И пока не готов портрет (а дай Бог дяде Асгеру сил и времени!), много всего будет происходить с Кит – и, пожалуйста, не вертитесь, lille De, Вы художнику мешаете. А устали – терпите: оно и понятно, что сил искусство никому не прибавляет, если мы с Вами о настоящем искусстве, lille De: изнурительный, доложу я Вам, труд, письмо – поизнурительнее Вашего позирования.
Много всего происходить будет, значит. Вон уже сколько всего напроисходило за последние минут тридцать-сорок… она даже упустила что-то существенное, а что именно – никак не вспомнит, жалко. Ах, да вот же:
– Ку-урт, – довольно ему, в конце концов, в игры играть, не заигрался бы совсем! – ты что имел в виду, когда про мезонин говорил, откуда опять тема мезонина? Ку-урт?

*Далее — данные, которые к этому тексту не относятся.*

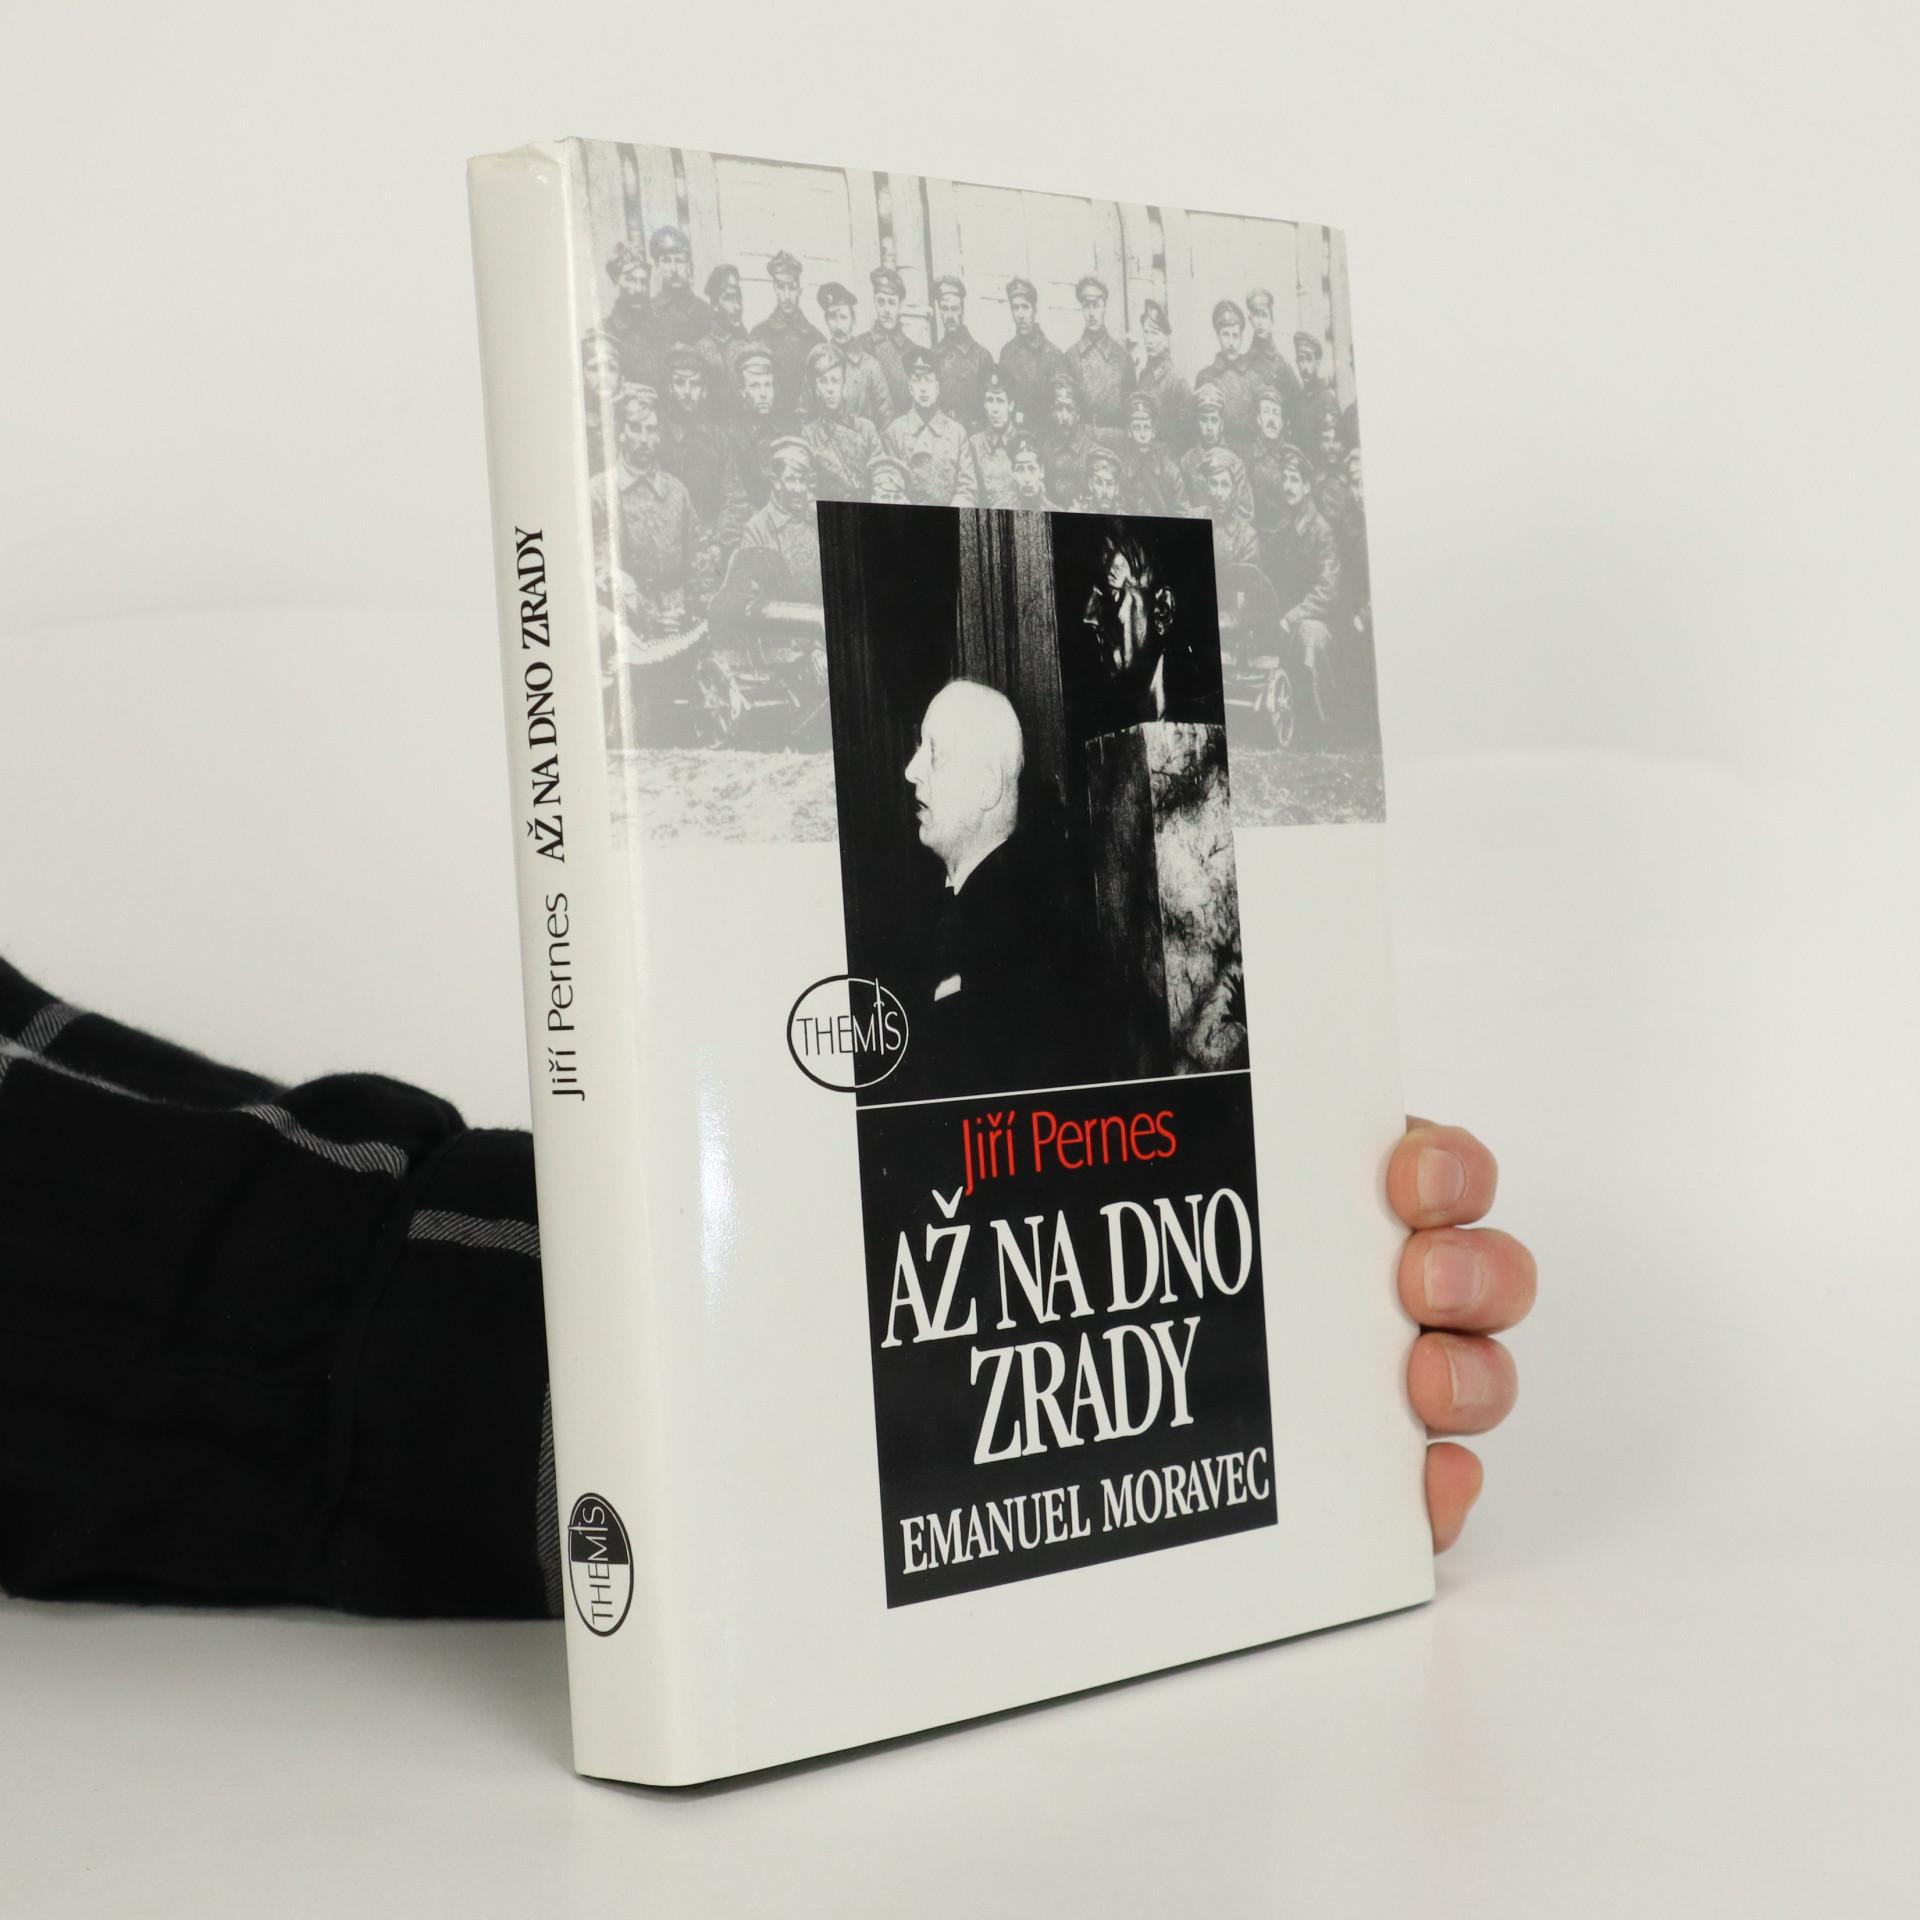 antikvární kniha Až na dno zrady. Emanuel Moravec, 1997

А ответа сверху и не было.
И Кит разозлилась – насколько сумела, конечно. Потому что всякой глупости есть границы! И Курт не может сидеть просто так у себя наверху, время от времени себя тем или иным образом проявляя, – сидеть, значит, наверху и требовать от нее, чтобы она считала, будто он в Ютландии – что за домашний театр, ей-богу?
В гневе она просто взлетела на антресоль и требовательно постучала в дверь Курта.
– Курт, эта игра, которую ты придумал, она идиотская, я там, внизу, кофе сварила – да, на ночь, но ни тебе, ни мне не заснуть все равно…
А ответа все не было.
Кит осторожно приоткрыла дверь, приоткрыла чуть пошире и чуть пошире еще…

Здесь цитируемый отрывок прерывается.